Lankaran rivers (Vishonchay, Lankaranchay, Tengerchay, Astarachay and etc.) are the rivers directed into the Caspian Sea.
Cumulative 450 lakes with a total area of 395 km2 were identified in Azerbaijan, where 10 lakes have area over 10 km2.
The largest lake of the Republic is Sarısu lake, located in the Kur-Araz lowland (water area 65.7 km2, volume of water is 59.1 million m3). The highest mountainous lake in the Republic is Tufangol (area 0.01 km2, volume 0.11 million m3) located in the basin of Damiraparanchay and at a height of 3277 m. One of the most attractive lakes of the Republic is the famous Lake Goygol. The lake was formed in the middle stream of Aghsuchay after strong earthquake at 1139.

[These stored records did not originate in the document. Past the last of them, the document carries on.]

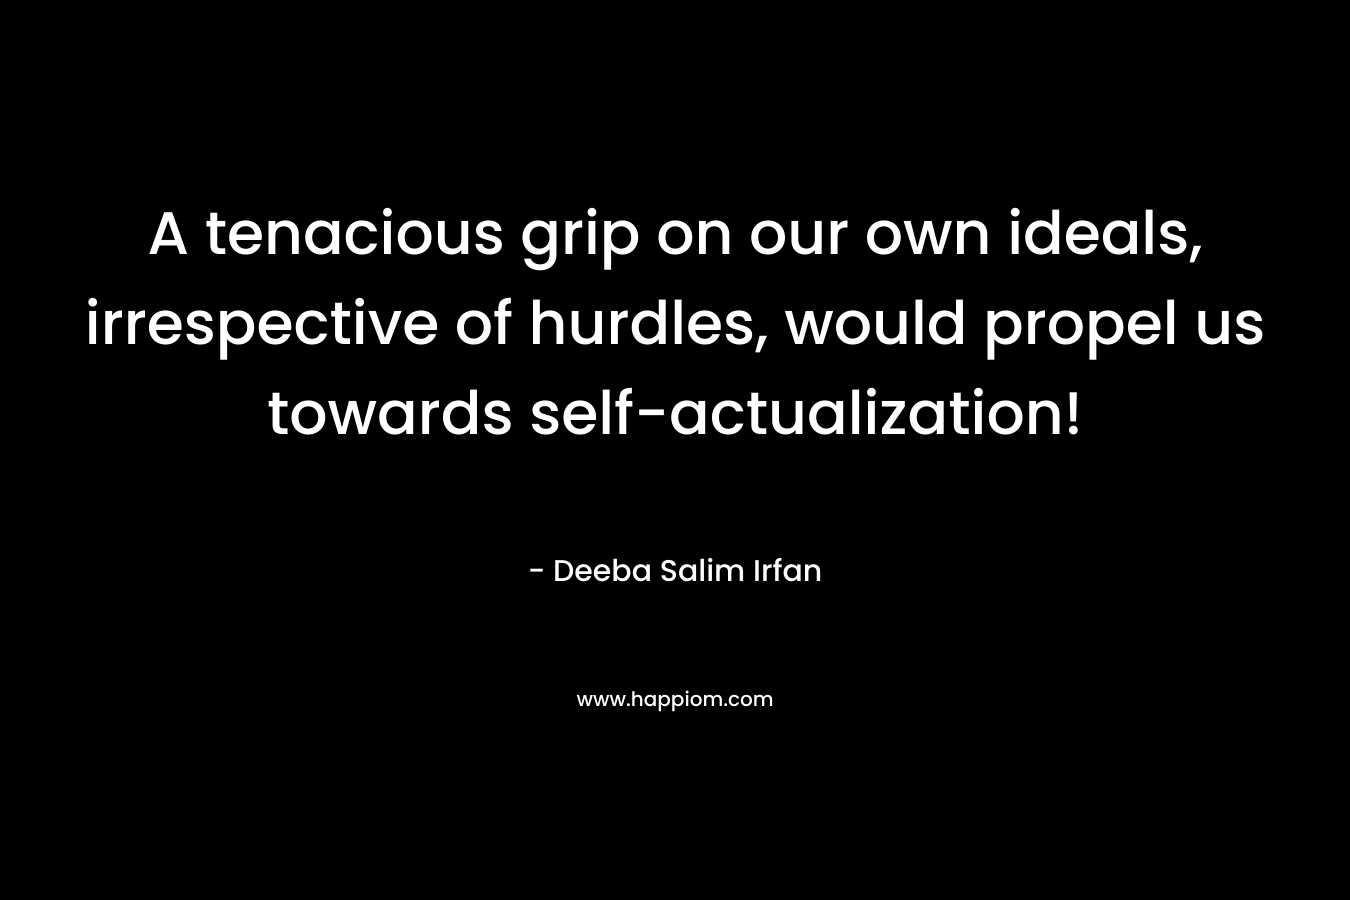 A tenacious grip on our own ideals, irrespective of hurdles, would propel us towards self-actualization!
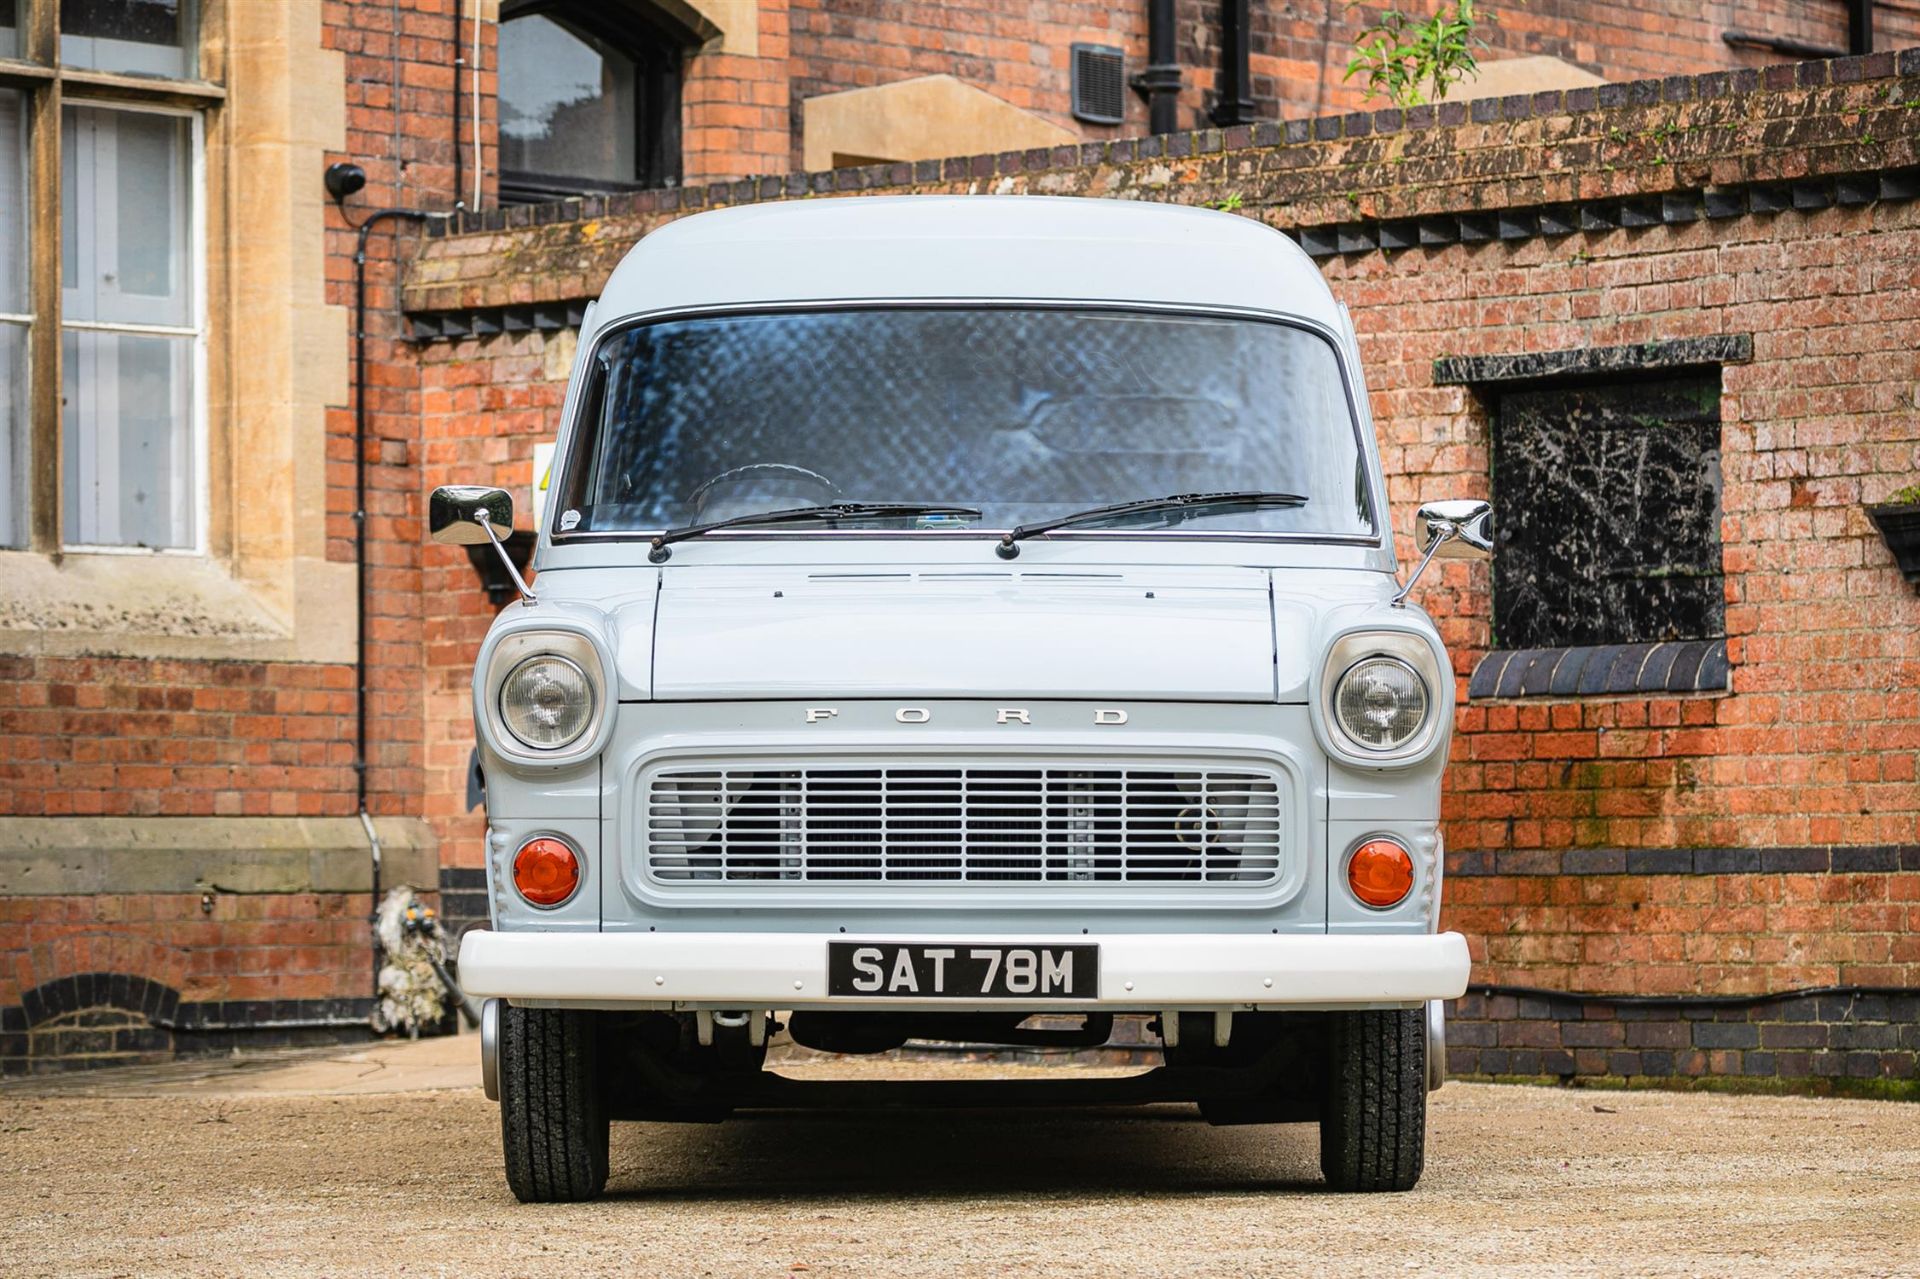 1974 Ford Transit Mk1 LWB Twin Wheel - Ex-Wheeler Dealers - Offered Directly From Mike Brewer - Image 6 of 10
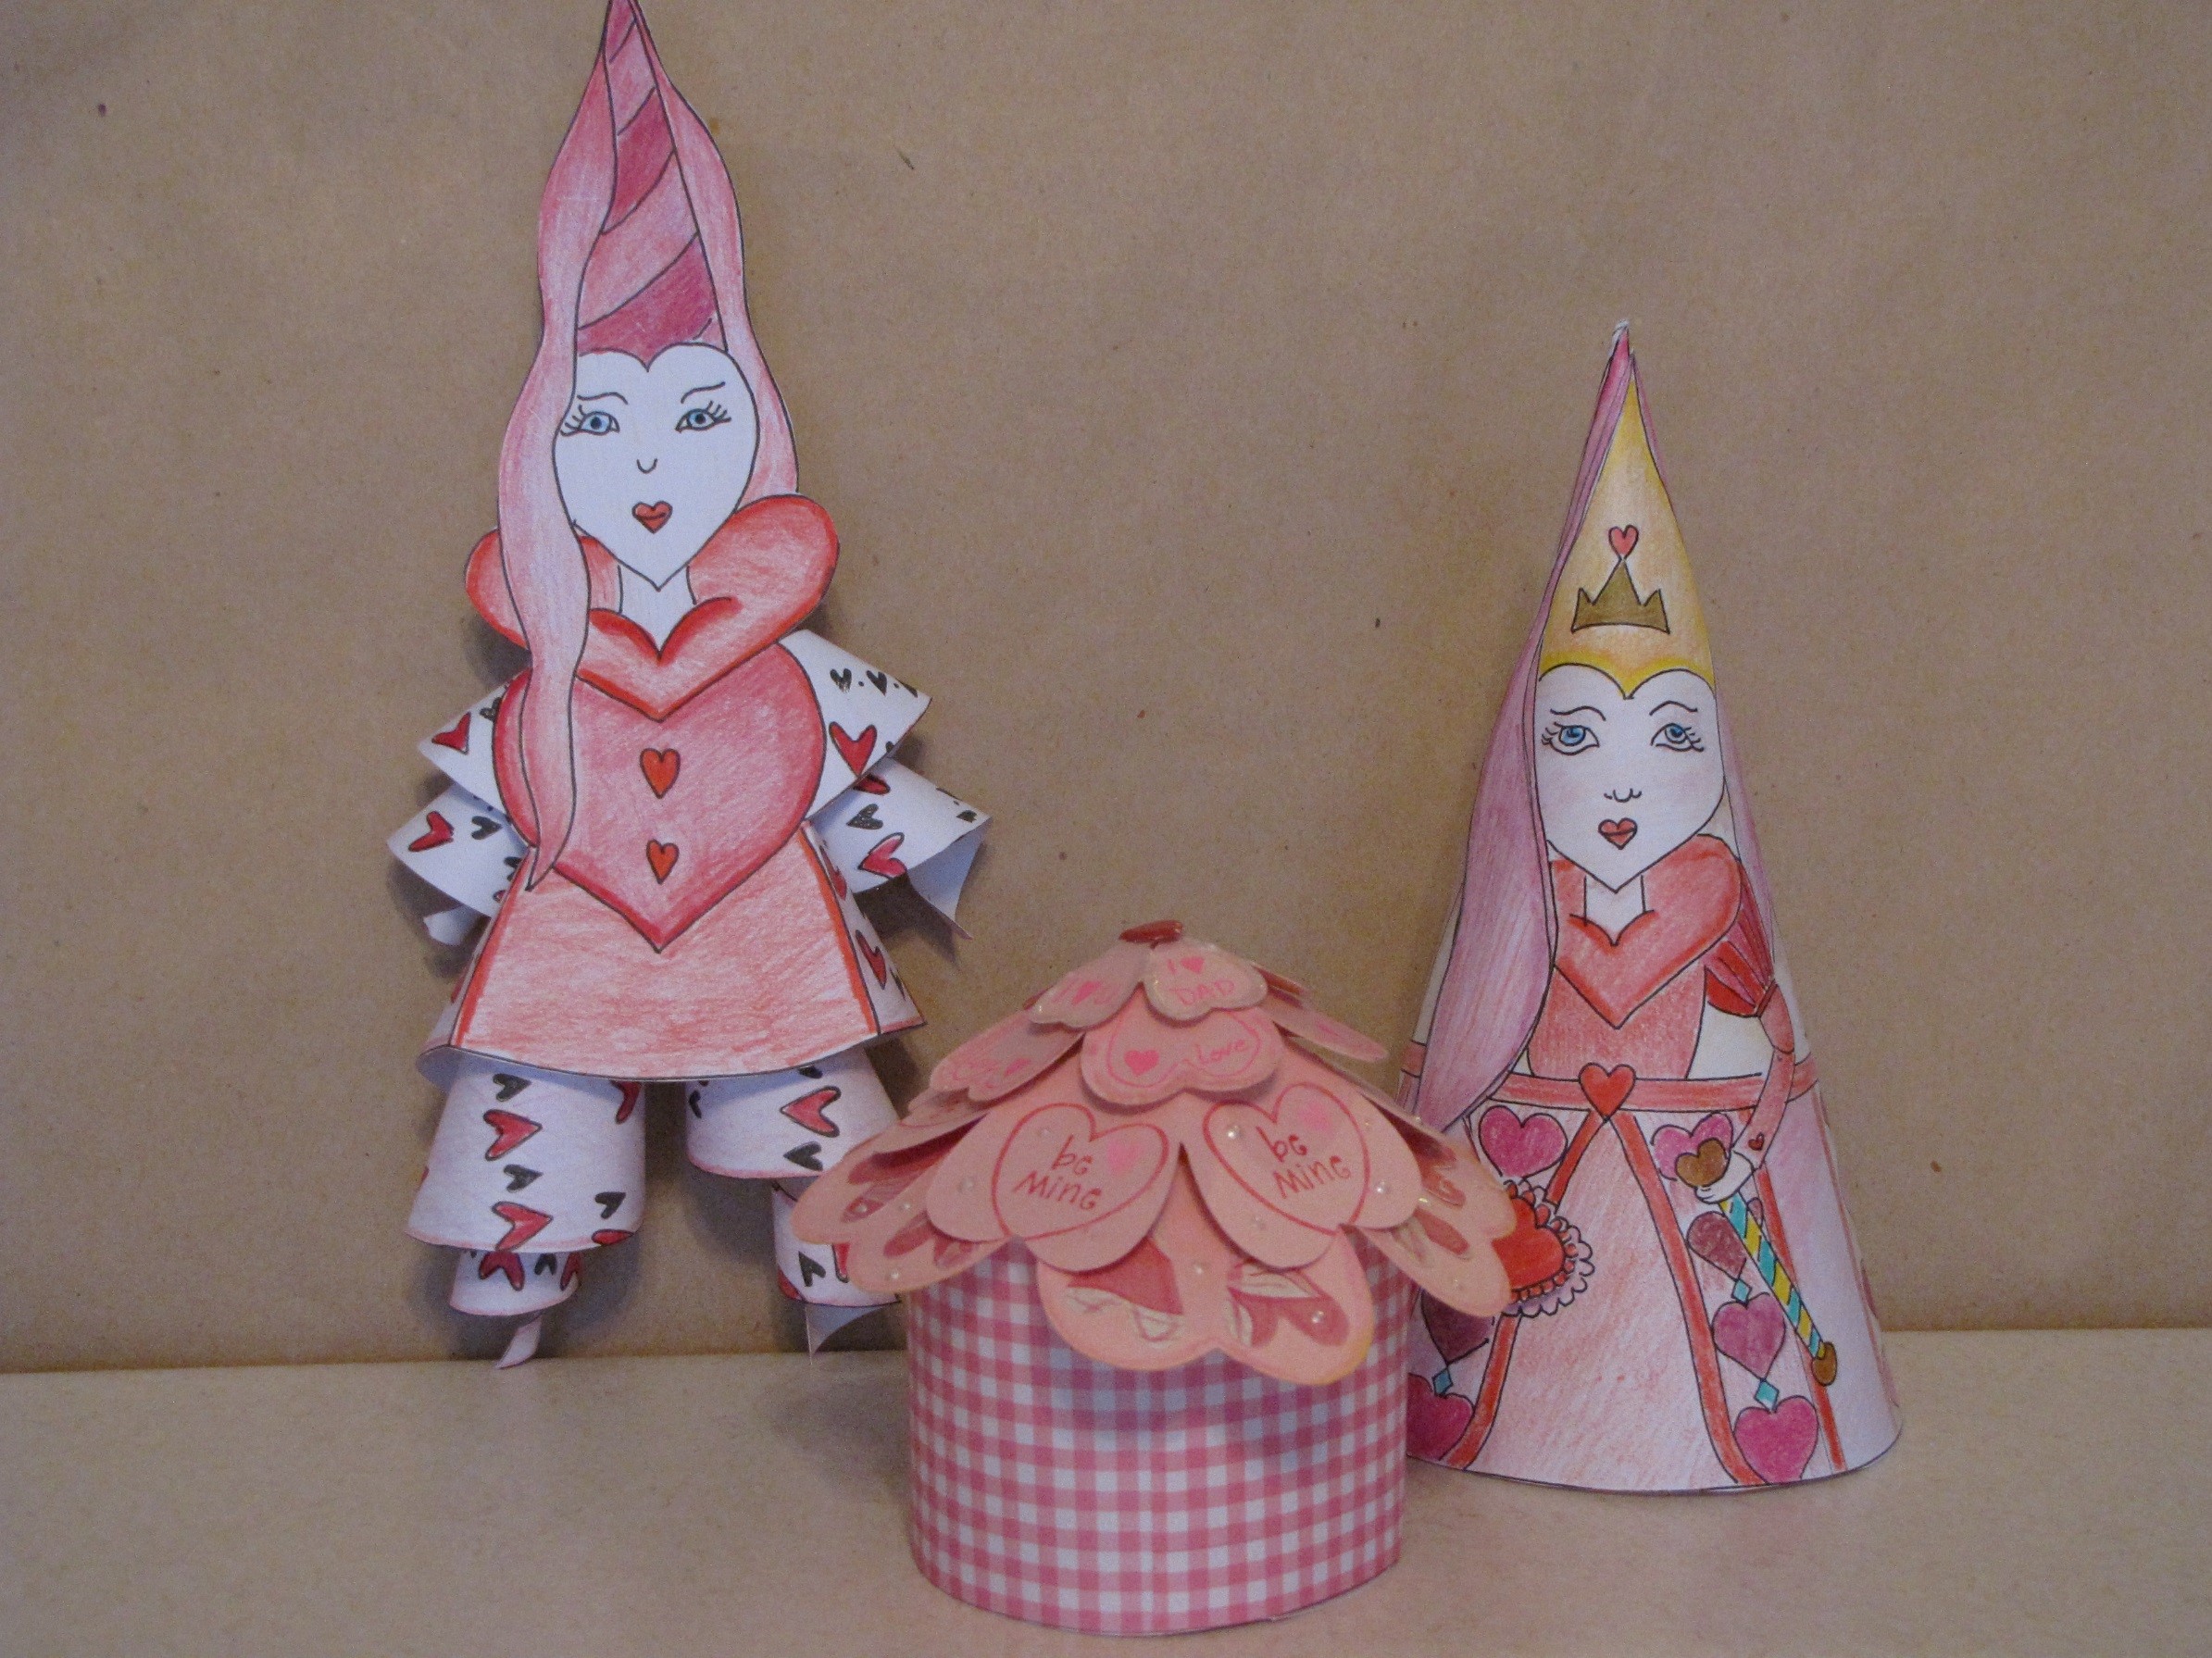 Valentine's Day Crafts - Princess of Hearts (Conehead & Jiggly Legs) & a Cupcake

The Goy-gol State Reserve which is the first protection area in Azerbaijan was established in 1925. The Gizilagac and Zagatala Reserves in 1929, and the Hirkan Reserve was established in 1936. So, four reserves have been functioning until 1958. The process of reserve establishments has actively continued from 1958 to 1990. Altiagac State Reserve was established in 1990. As well as Shahbuz in Nakhchivan Autonomous Republic in 2003, Eldar Shamı in 2004, Mud Volcanoes group in Baku and Absheron Peninsula in 2007, and Korchay State Reserve in 2008. At the same time, the Reserve of Turyanchay, Pirgulu, Ilisu, Gara-Yaz, Ismayilli in 2003 and Zagatala State Reserves in 2008 were being expanded.
Natural Reserves include fish resources of the Caspian Sea, rivers, water reservoirs, mainly the various species of animals spread in the mountainous areas, reptiles in the plains (especially the Caucasian viper, which has a very valuable poison), many birds and so on.
Ministry of Ecology and Natural Resources
The Regulation on the Ministry of Ecology and Natural Resources of Azerbaijan was approved by Decree #583 of the Azerbaijani President on September 18, 2001.
According to the Regulation, the Ministry of Ecology and Natural Resources is the central executive body that implements state policy in the field of the protection of the environment, the use of natural resources, the rational utilization of underground waters, mineral raw materials and surface natural resources, their restoration, observation and prediction of hydro meteorological processes in the territory of the Republic, as well as In the section of the Caspian Sea (lake) belonging to the Azerbaijan.